Running this code results in a pulse period of 4.8us (@50MHz) Now calling that as an assembly routine utilizing calls to the Forth words and DJNZ for looping results in a pulse period of 4.4us.
Of course we could code such a simple loop as pure assembly rather than calls to Forth words and the stack etc and this will certainly be the case for quite a few functions but it seems that there is not much reason to worry about this method for kernel words. Now foregoing calls to the Forth kernel and coding as we normally would (plus no REP) an assembly routine that same I/O toggle routine doing exactly the same thing results in a pulse period of 580ns.
Being able to mix reusable assembly subroutines with regular Forth code will make a big difference to Tachyon as I no longer need to worry about special opcodes such as SPI etc or even the RUNMODs.

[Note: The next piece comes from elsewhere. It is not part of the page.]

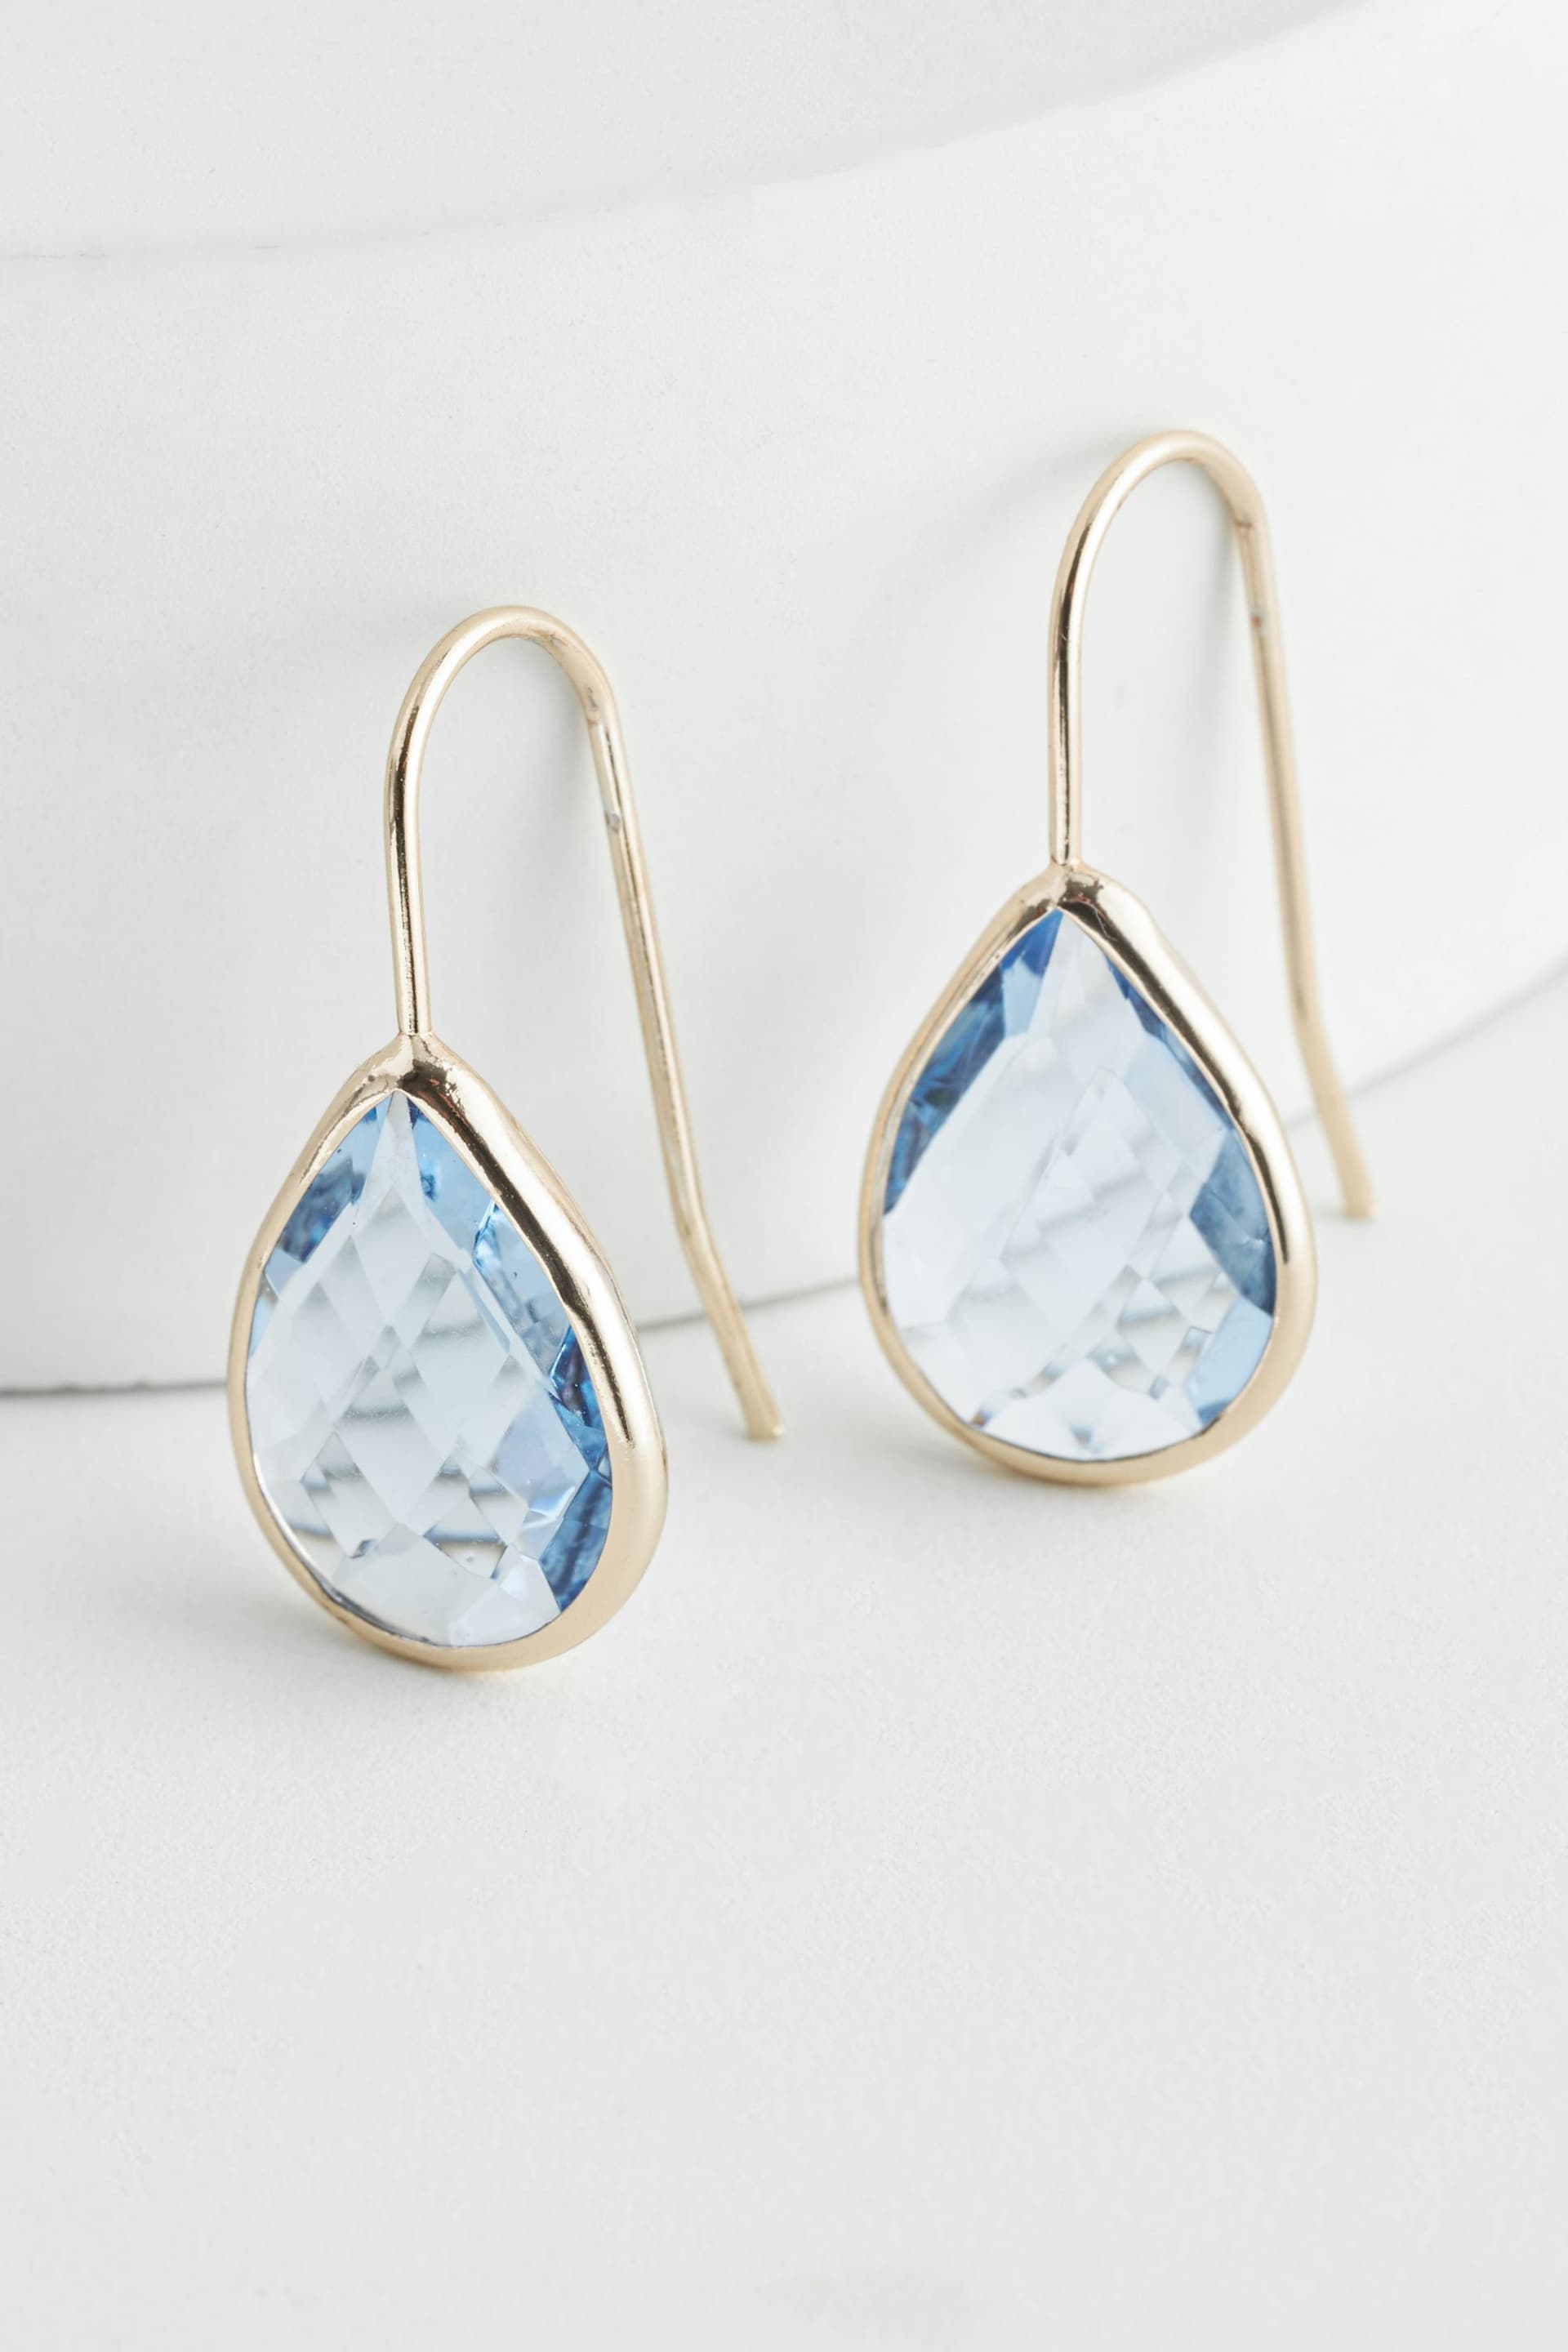 Gold Tone Teardrop Blue Stone Earrings - Image 3 of 4
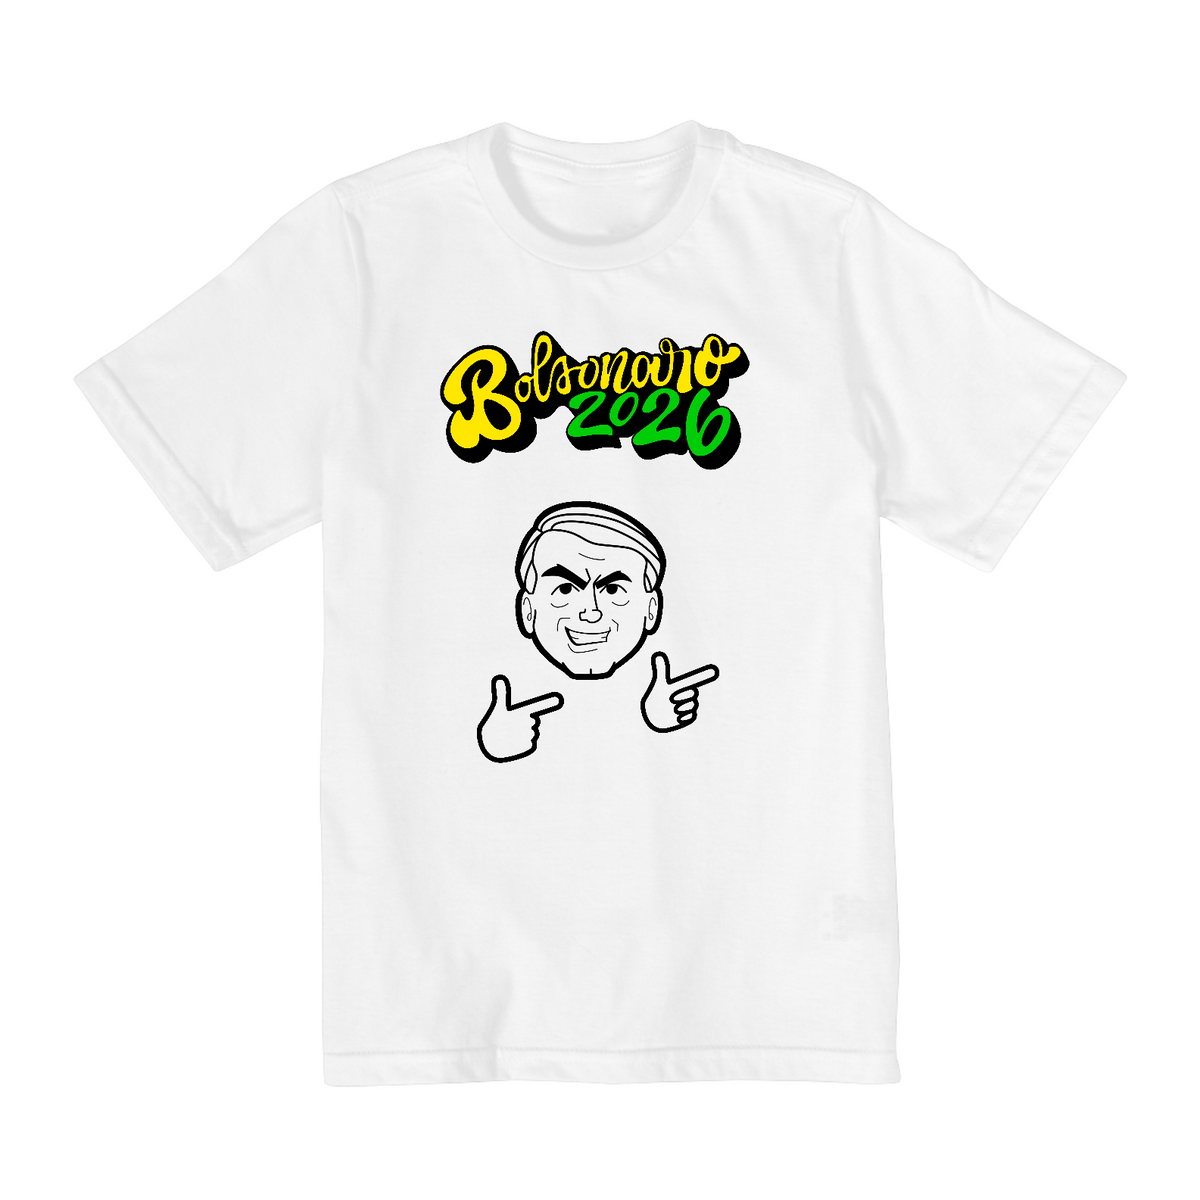 Nome do produto: Camiseta Infantil Bolsonaro 2026 (10 a 14 anos) - Branca, unissex

The demo "word-code" that I am using:
I'm not able to decipher what stacking levels are in use there. Was it intended to help answer Chip's question of whether there is a strong case of having the LUT for stacking or not?
Chip,
Another stacking variant that might be more palatable to all is for the CALLA/B, PUSHA/B instructions being able to stack to CogRAM and/or LUTRAM. Would that be feasible? I guess that cuts off a chunk of Hub addresses though.
C.W.
Wow! Make CALLA/CALLB/RETA/RETB address sensitive, just like cog/hub instruction fetching is, so that addresses $200..$3FF use the lut, instead of the hub. I really like that, because it means we don't need a whole extra set of instructions and pointers to use lut for stack. Excellent!
Are there any other sleeper purposes for address sensitivity?
P.S. This scheme would work only for CALLA/CALLB/RETA/RETB, since they are dedicated instructions that could easily be redirected. PUSHA/PUSHB/POPA/POPB are actually cases of WRLONG/RDLONG, though, and to redirect them, as well, would mean that hub $200..$3FF would not be reachable for R/W. So, this would only work for calls and returns.